▶ [GIVEN MATERIAL]
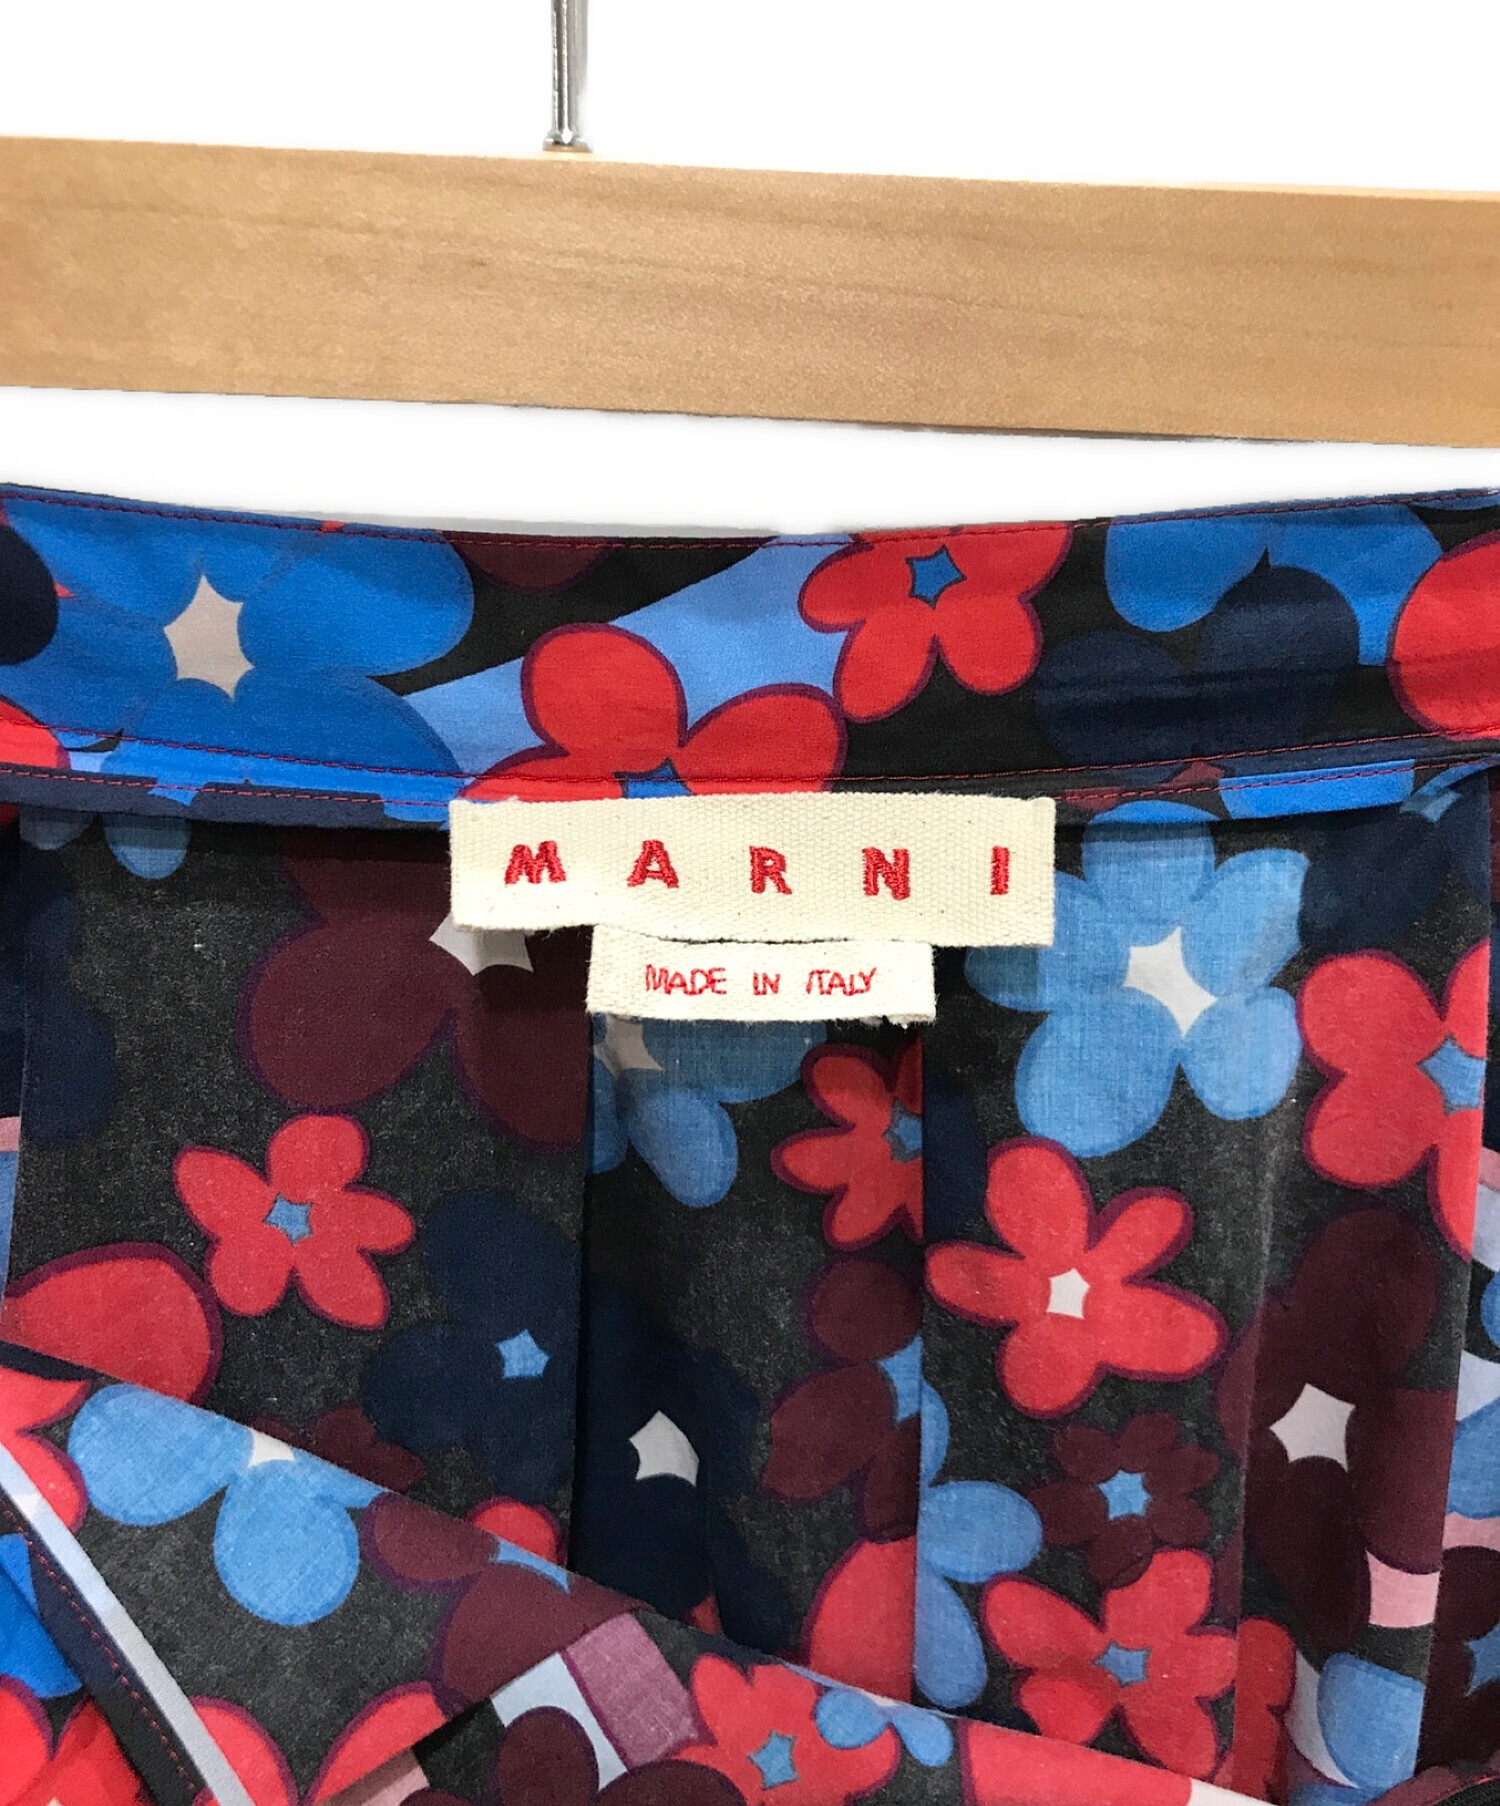 MARNI (マルニ) フラワープリント コットンタックスカート ネイビー×レッド サイズ:36
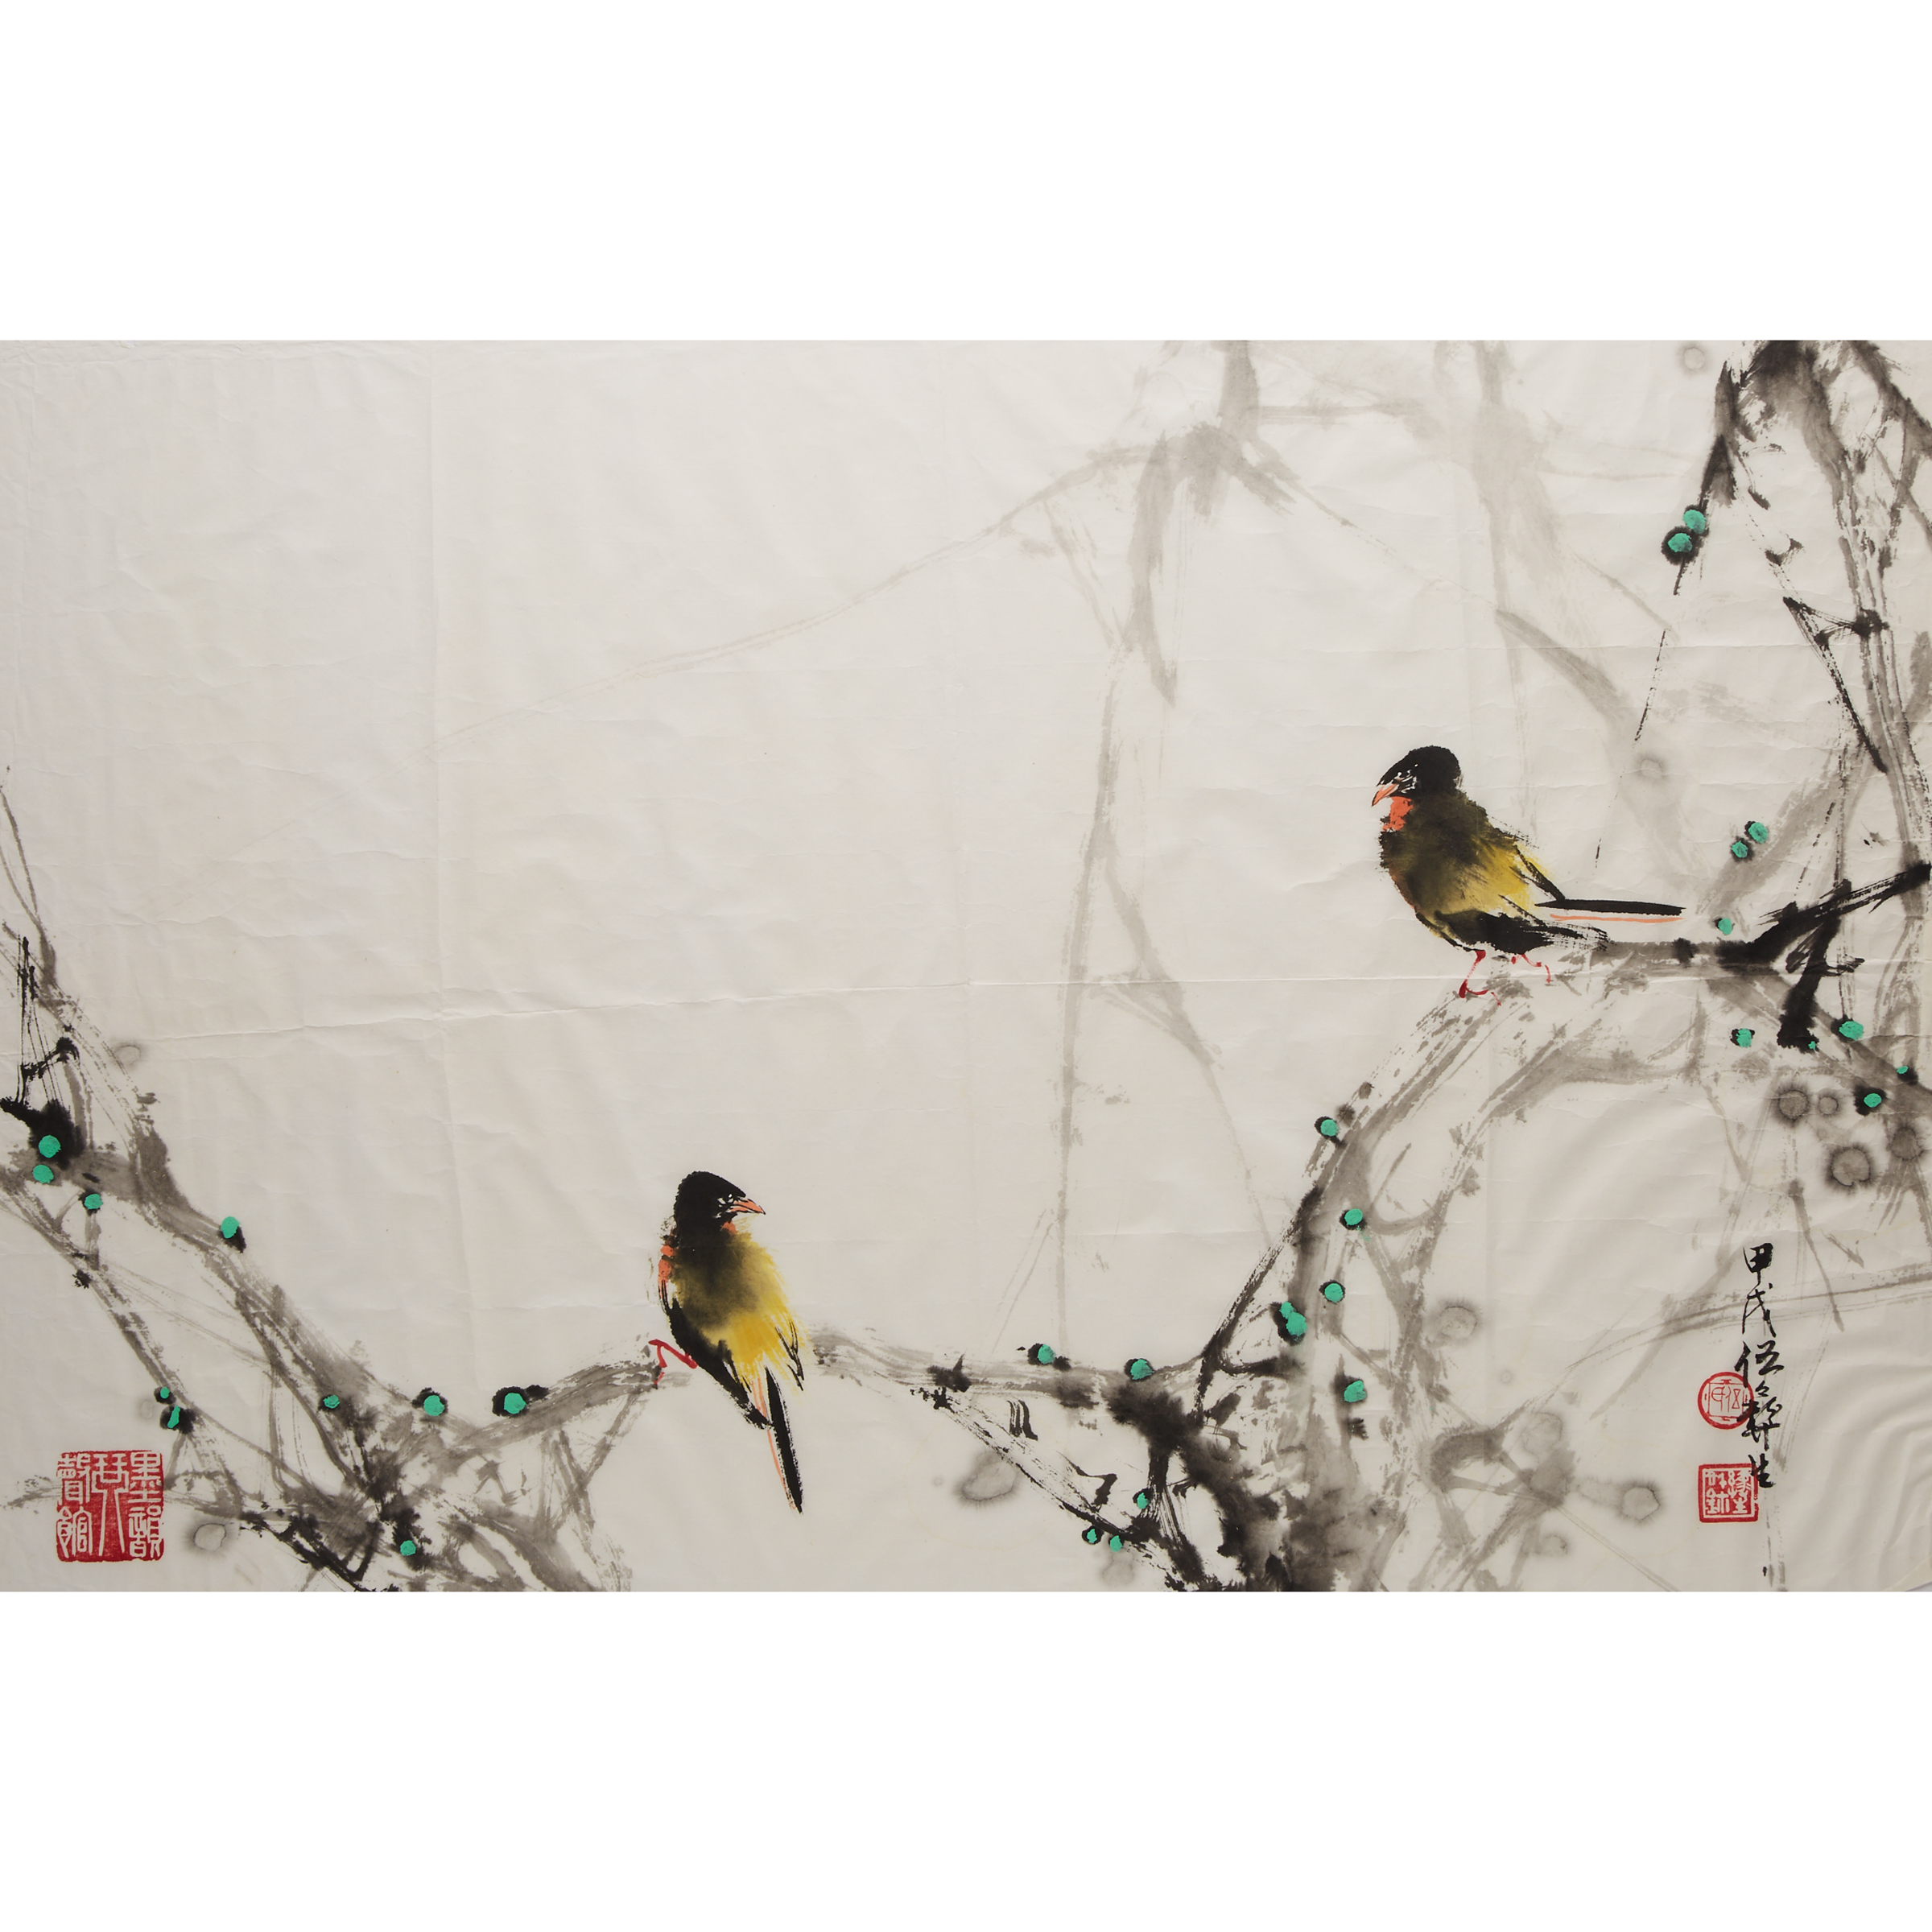 Wu Yisheng (1929-2009), Two Paintings
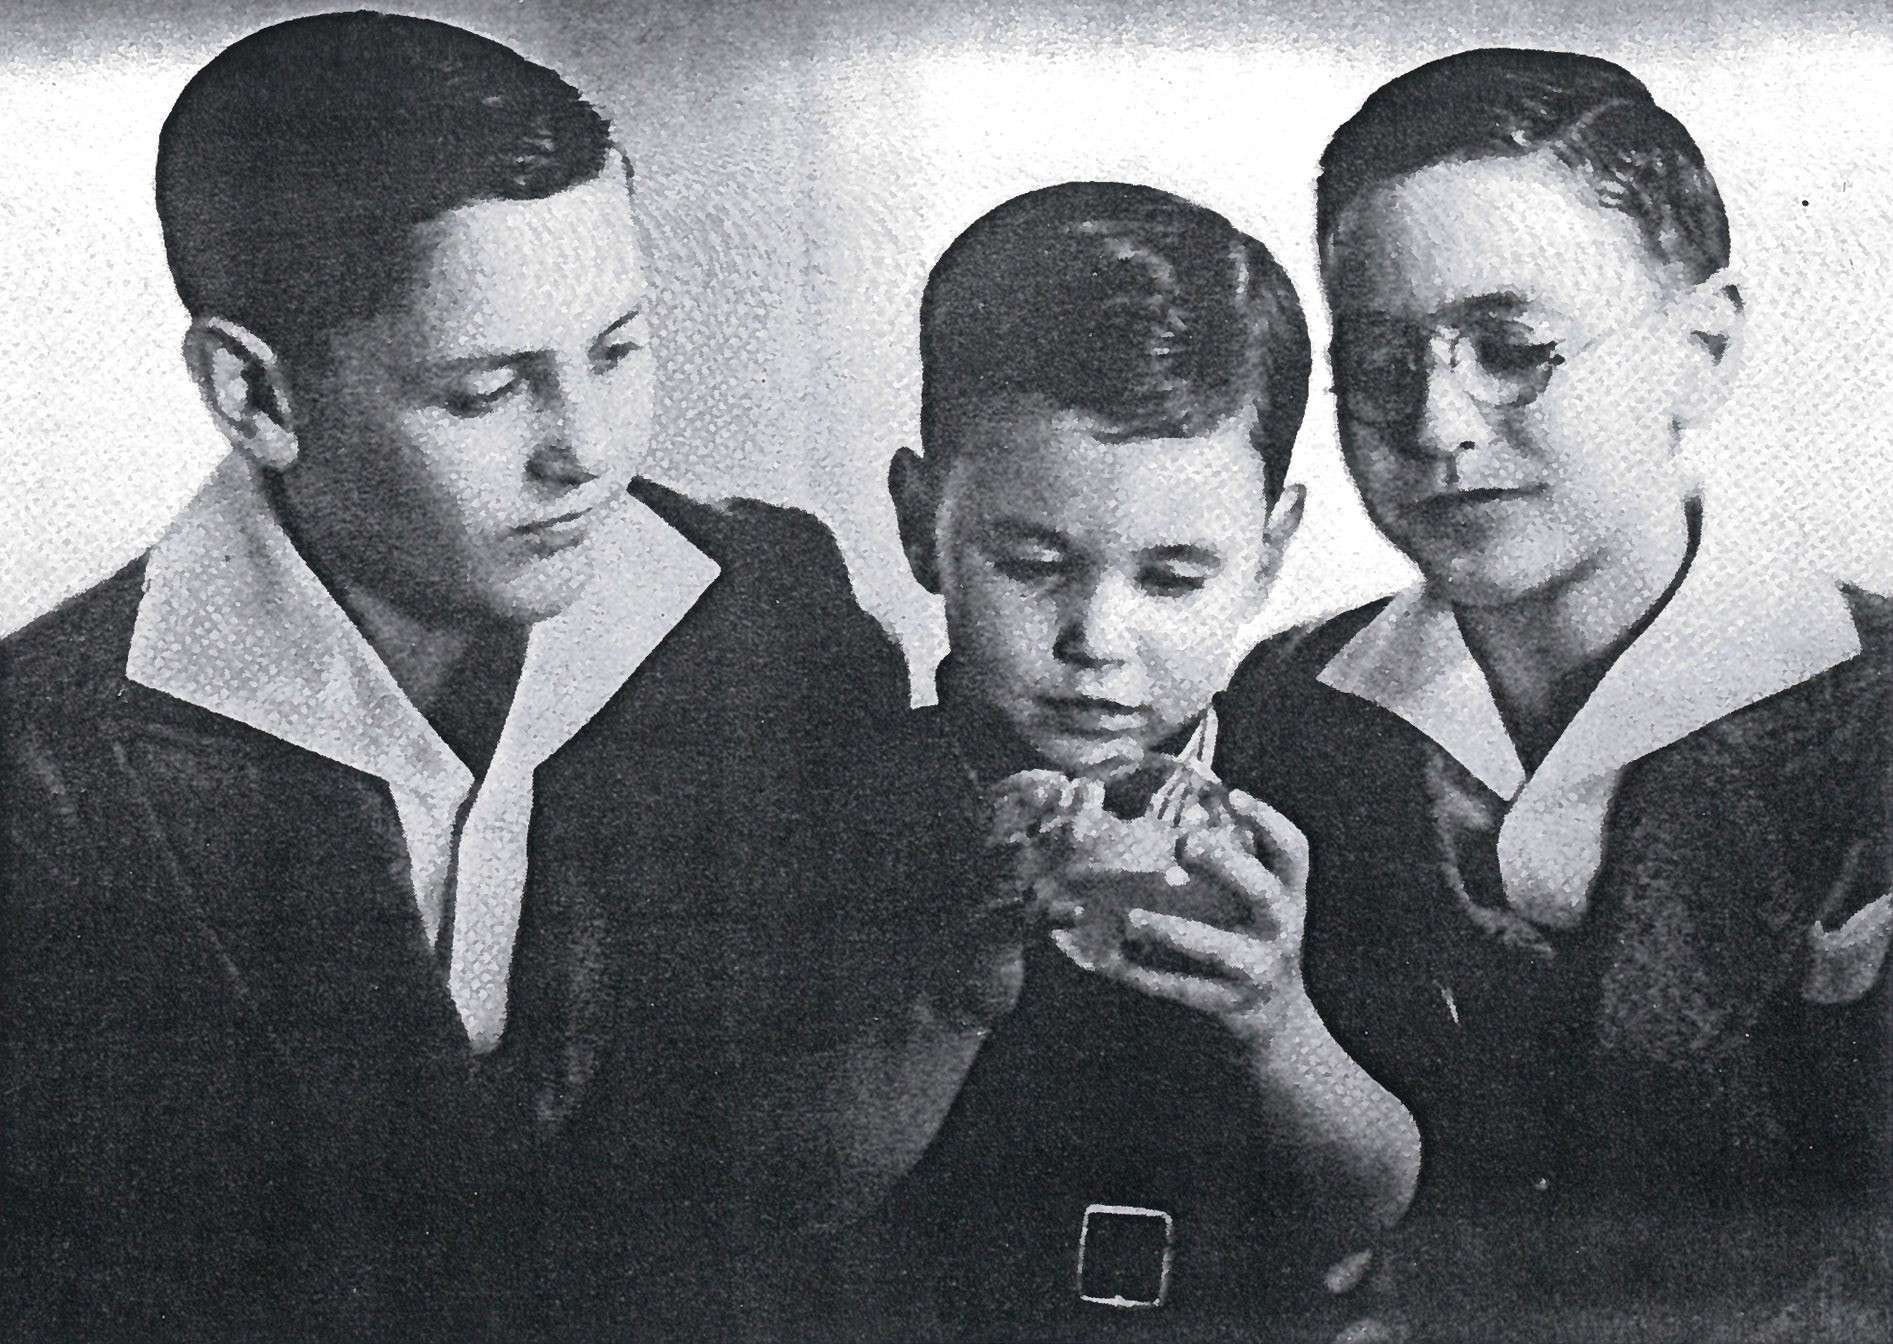 Братья Прицкер. старший брат Джей (слева), средний Роберт (справа) и младший Дональд (по центру), примерно 1937 год.

▶ [ASSIGNMENT] Your reply should hold exactly the lines from the line containing "Wu Yisheng (1929-2009), Two Paintings" through the final line of the listing, and none of the pictures.

▶ [PROBLEM SOLUTION]
 Wu Yisheng (1929-2009), Two Paintings
 Братья Прицкер. старший брат Джей (слева), средний Роберт (справа) и младший Дональд (по центру), примерно 1937 год.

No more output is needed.